Ainda que a sintomatologia em muitos pacientes recém-nascidos ou lactentes seja de difícil detecção7, pôde-se reparar que aqueles mais graves tiveram uma sintomatologia melhor definida, acabando por ser internados. Em contrapartida, alguns autores citam sinais mais freqüentes em recém-nascidos, como acessos de tosse intensos seguidos de cianose, perda de tônus muscular por baixa oxigenação cerebral, bradicardia e parada respiratória8-10. Esses fatos podem ser comprovados neste estudo por meio dos dois sintomas/sinais mais citados à internação, que foram tosse intensa seguida de cianose e da idade média de internação, que é de 5,1 meses. O questionamento que fica sem poder ser respondido é de quantas crianças que foram atendidas no pronto-socorro e acabaram ficando sem o diagnóstico de coqueluche, por ter sintomatologia pouco rica, e por tampouco terem sido submetidas à pesquisa da Bordetella em epitélio da retrofaringe.

A respeito do uso elevado de Macrolídeos, isso se deu pelo fato de a amostra usada para o estudo ser somente de casos que tiveram diagnóstico final de coqueluche ou alguma de suas variantes, ou seja, a amostra é considerada viciada. É certo que seu uso deve ser ponderado, como concluíram Ferronato et al., em seu estudo sobre infecções respiratórias virais em crianças com suspeita clínica de infecção por B. pertussis4. O tratamento foi realizado por sete dias, na dose de 15 mg/kg/dia em duas tomadas.
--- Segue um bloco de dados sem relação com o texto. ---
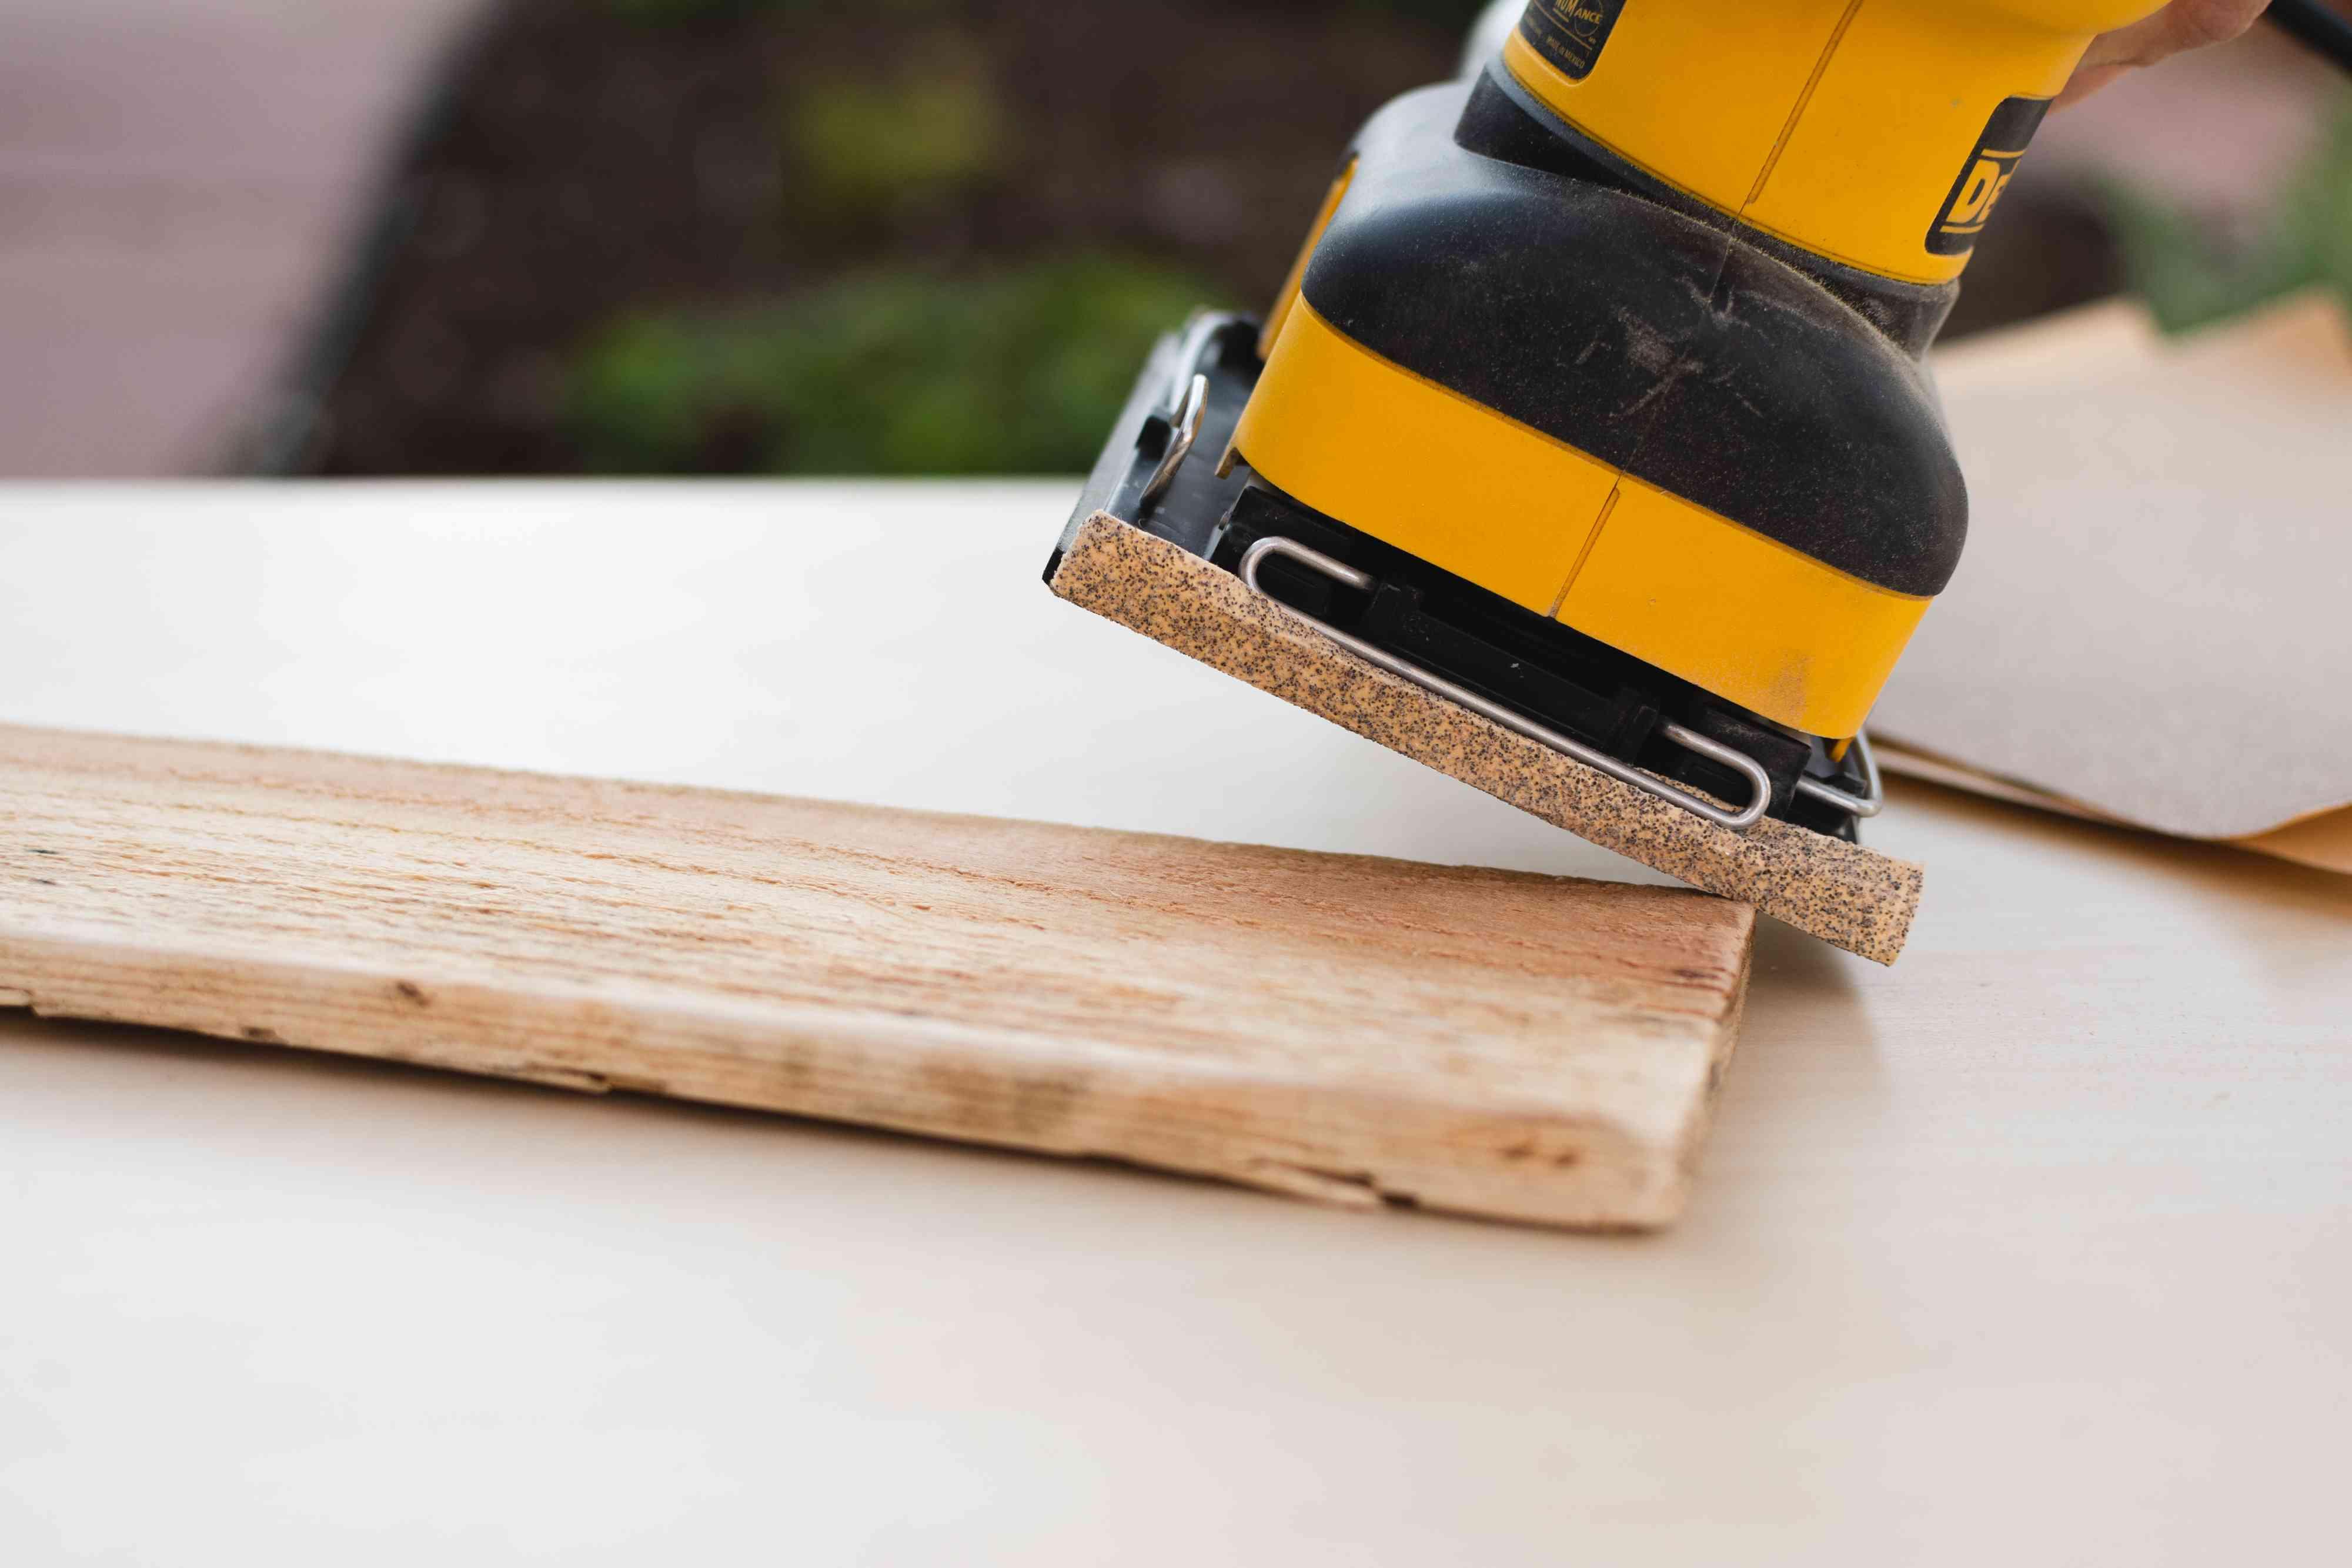 Sander rounding off edge of wooden plank

A Ceftriaxona foi usada em uma criança, que foi internada em UTI. Foi introduzida no dia da entrada do paciente na unidade e retirada no dia seguinte, após exclusão de infecção pneumônica secundária.

Quanto aos dias de internação, estes ficaram em média 5,4 dias internados. Assumindo-se que os pacientes tiveram sua doença diagnosticada durante sua fase paroxística, devido à queixa de tosse intensa com complicações, chegamos à discussão sobre a eficácia da antibioticoterapia visando diminuir os sintomas apresentados. É bem estabelecida a eficácia do tratamento com macrolídeos na diminuição dos sintomas, quando estes são iniciados na fase catarral11-13. Entretanto, ainda não existe consenso se o início do antibiótico na fase paroxística diminui a duração do período sintomático. Só existe a informação de que há garantia de eliminação da bactéria dentro dos primeiros cinco dias de terapia iniciada, o que coincide com o tempo médio de internação dos pacientes estudados neste trabalho.
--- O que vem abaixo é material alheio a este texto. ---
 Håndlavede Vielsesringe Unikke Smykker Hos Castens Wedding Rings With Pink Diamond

Não foi encontrada evidência científica de melhora do tratamento com o uso de corticóides (VO ou EV) e inalação com Beta-2-agonista. Nota-se a banalização de seu uso em pacientes com qualquer queixa que envolva trato respiratório.

A fisioterapia respiratória também é questionada, sem evidência prática de melhora. Esta inclusive muitas vezes acaba sendo desestimulada, por poder levar a uma crise de tosse em uma criança que estaria previamente fora de crise.

Sendo esta uma doença quem ainda tem um grande índice mundial de letalidade e, devido ao fato de ser ainda muito subdiagnosticada, um trabalho como este pode ajudar médicos em geral a levantar a hipótese de coqueluche em pacientes que tenham queixas características, como tosse persistente e, principalmente, complicações da tosse.